Glad you enjoyed the book. This post made me want to read it again.
Thank you – you keep leading me to awesome reads and new ways to look at life.
As you know, I too have shied away from public declarations and preferred to quietly work my way towards success. Maybe the public declaration is the way to do it. We shall see…
I’m supposed to be doing my tax return – but what the hell… wanted to comment.
(easily distracted – not a good trait)… I am a procrastinator in certain areas of my life – we all are. Where this happens to me is when I feel overwhelmed in a good or bad sense. So example of ‘bad’ – I put off doing my tax return until the deadline Jan 11 instead of doing it when I could have Apr 10 onwards – because I know I have got to dig through all my stuff, receipts, look at time sheets (paper my arch enemy) etc.. overwhelming but necessary. Example of good – I have a brainwave, a business idea, a creative idea and I am very excited but then there is so much I want to do with it, it has so much potential, I want to do it so well and so perfectly, that I feel overwhelmed and put it off. For me it’s that overwhelmed feeling rather than fear if that makes any sense – or is just fear of failure, not doing it well enough? I’m going to check out this book…. looks like a good read
Is it done? Interesting tax laws over there that you have till January of the following year.
My husband is of your ilk. Fantastic and motivated on the creative and projects but the taxes are always delayed. I actually like doing taxes but mine aren’t that complicated.
If you read it let me know. Want to hear what other mnmlist mums think about it =)

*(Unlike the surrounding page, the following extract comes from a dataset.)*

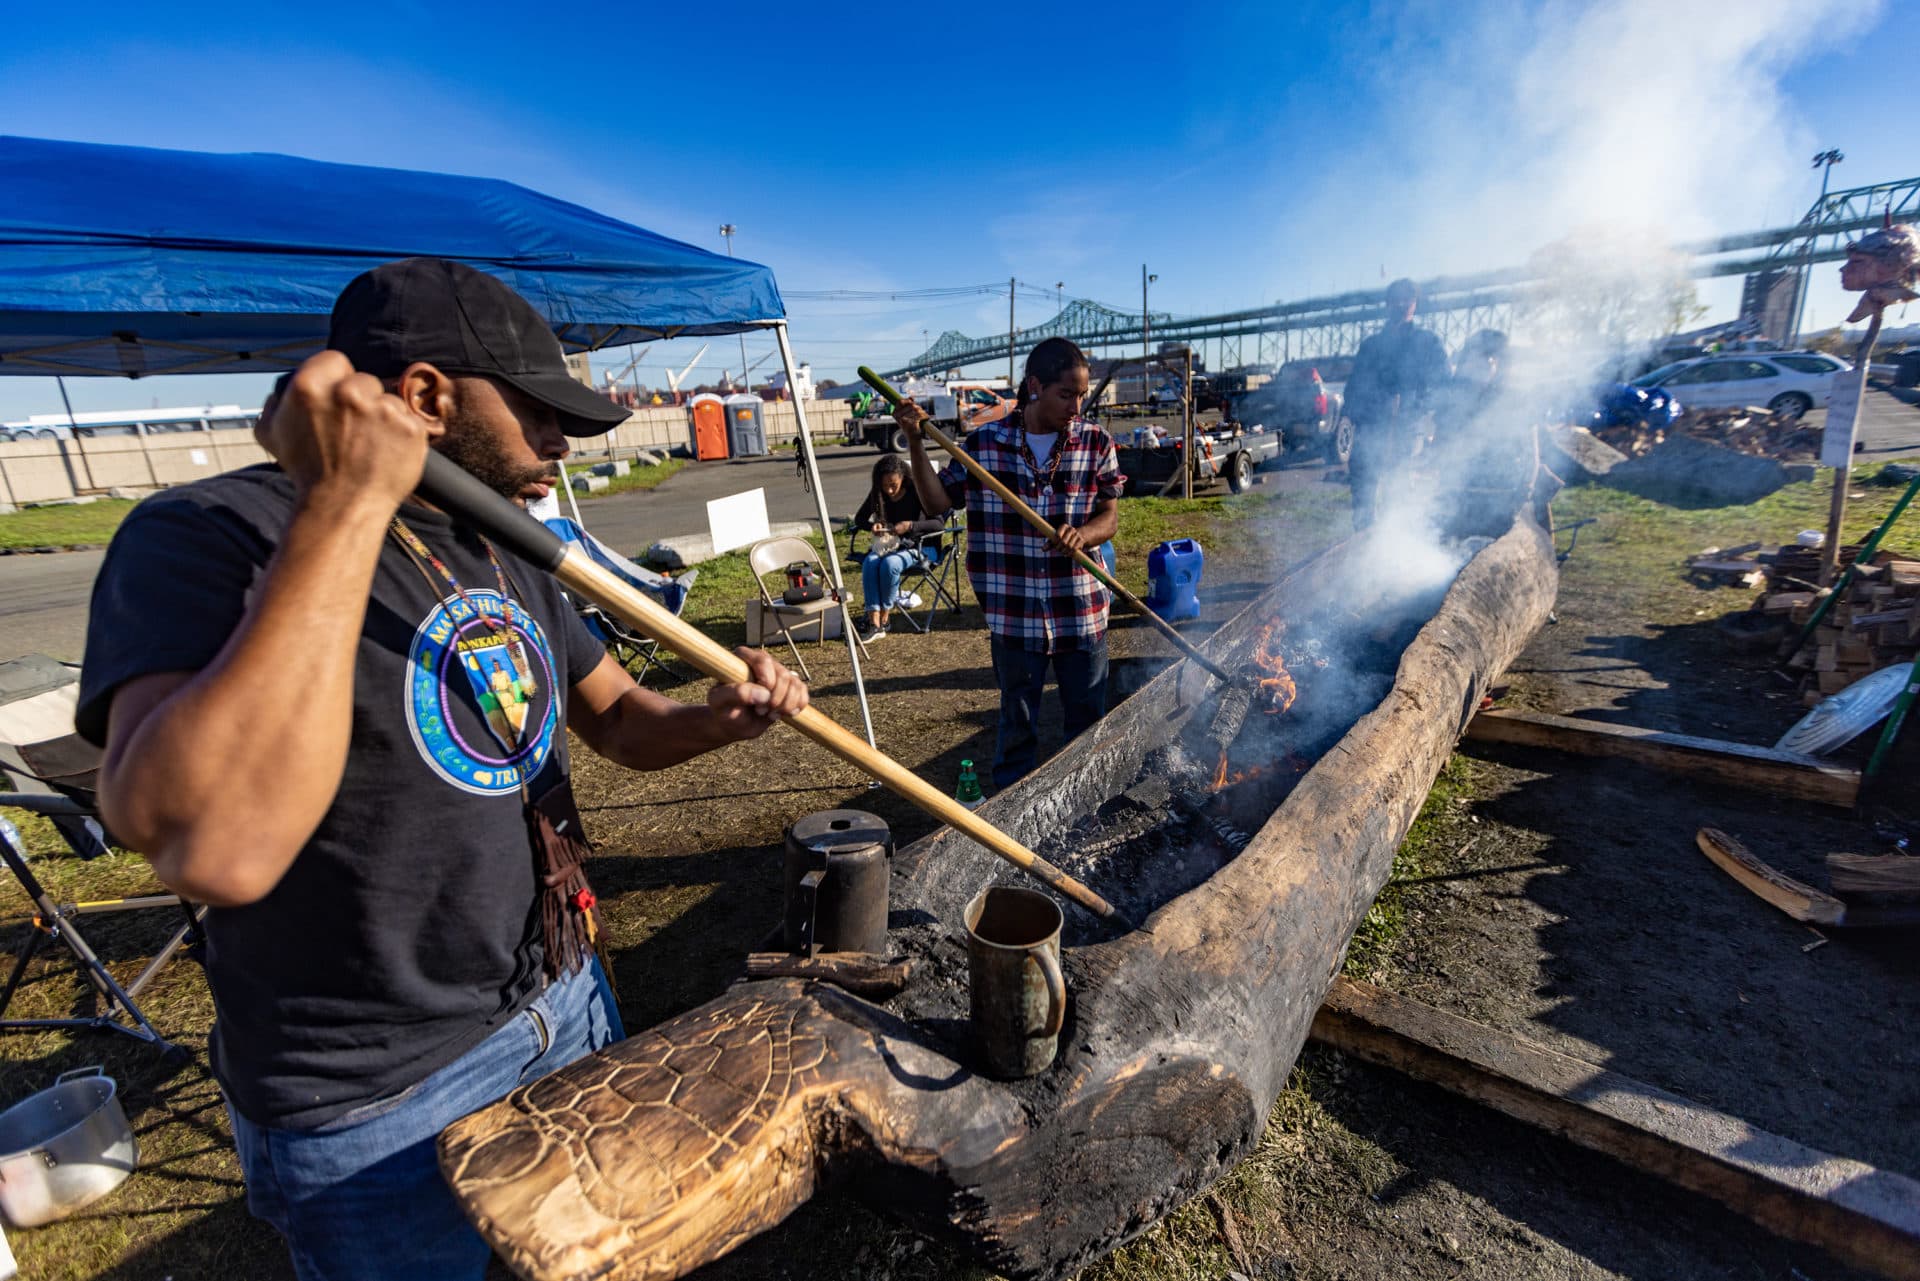 Thomas Green, Indigenous artist and educator of the Massachusett Tribe at Ponkapoag, left, rakes hot coals while burning a traditional mishoon. (Jesse Costa/WBUR)

I know it is strange, and for procrastinators it’s a nightmare as it gives you permission to put it off, then it’s hanging over your head over Christmas! Every year I say I am going to do it straight away and don’t. However this year I have started next years already in anticipation. It’s okay once you get going on it, it’s juts getting going. I am going to order the book today – it sounds a good read.